Apesar dos avanços no emprego, a desigualdade salarial subiu. Em 2023, as mulheres recebiam 13,7% a menos no salário mediano de contratação. Agora, a diferença é de 14,3%. No rendimento médio, a diferença passou de 20,7% para 21,3%.

"Não é o relatório dos nossos sonhos, mas é a evolução da possibilidade. A lei é importante porque traça parâmetros e cria condições de processo de fiscalização. E é necessário dar acesso às mulheres na instância de poder nas empresas. O desejo é que se tenha uma diretoria formada por dez [pessoas], em que se tenha cinco mulheres e cinco homens ou seis mulheres e quatro homens", afirmou o ministro do Trabalho e Emprego, Luiz Marinho.

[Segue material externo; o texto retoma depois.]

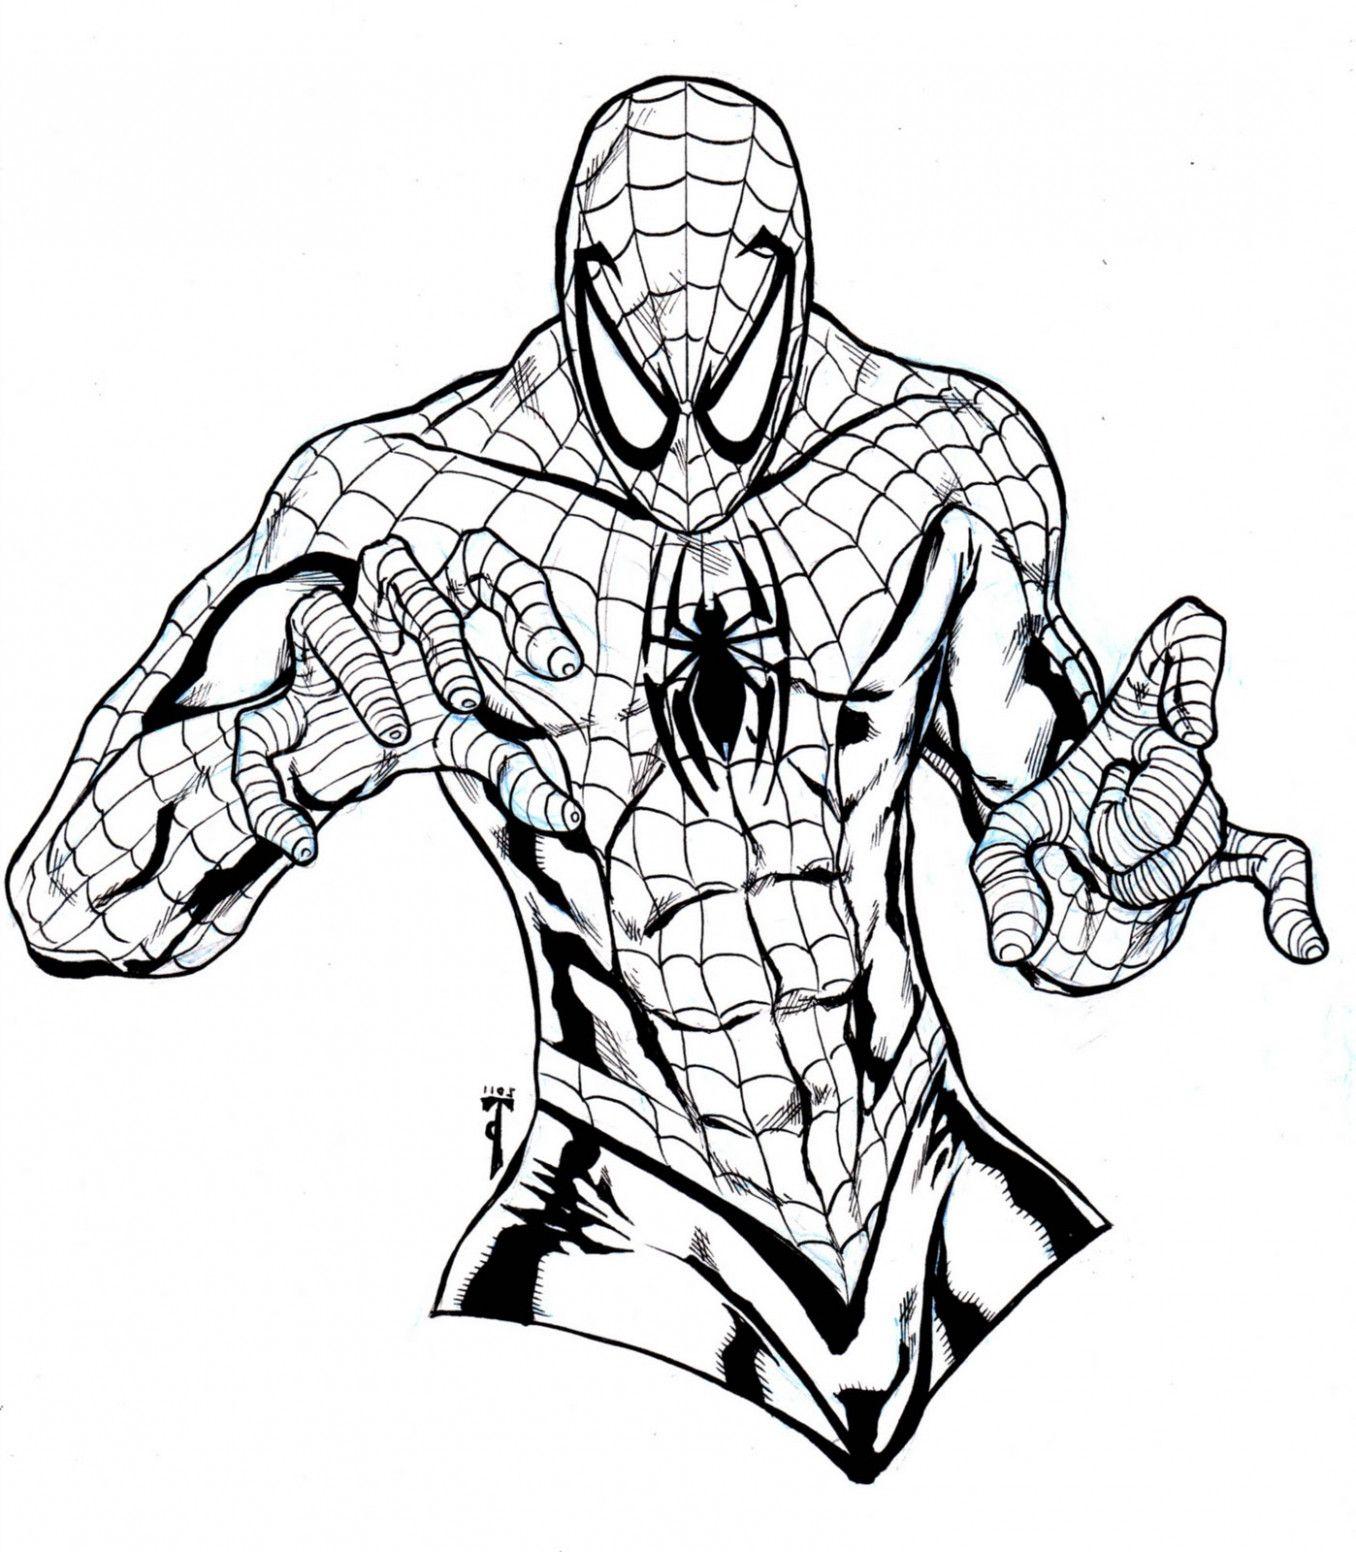 Top Seven Trends In Spiderman Coloring Pictures To Print To Watch Coloring Spiderman Coloring Coloring Pictures Print Pictures

Conforme o documento, os estados com menor desigualdade são Acre (91,9%) e Piauí (92,1%). Já os com maior desigualdade salarial são Espírito Santo (70,7%), Rio de Janeiro (71,2%) e Paraná (71,3%).

"Este quinto relatório não é aquilo que a gente queria. Mas qualquer medida não acontece sem a participação da sociedade", disse a ministra das Mulheres, Márcia Lopes.

A proporção de empresas que afirmam promover mulheres aumentou, passando de 38,8% para 48,7%. Já as ações de contratação de mulheres com deficiência, LGBTQIA+ e chefes de família permaneceram estáveis.

Os dados têm como base a Relação Anual de Informações Sociais (RAIS) e abrangem cerca de 53,5 mil estabelecimentos com 100 ou mais empregados. Segundo o levantamento, o salário médio é de R$ 4.594,89, enquanto o salário contratual mediano é de R$ 2.295,36.

Sobre a lei

Sancionada em 2023, a Lei nº 14.611 reforça a igualdade salarial e de critérios remuneratórios entre homens e mulheres, alterando a Consolidação das Leis do Trabalho (CLT).

Empresas com 100 ou mais empregados devem adotar medidas para garantir essa igualdade, incluindo a promoção da transparência salarial, fiscalização contra a discriminação, o estabelecimento de canais de denúncia e o apoio à capacitação de mulheres.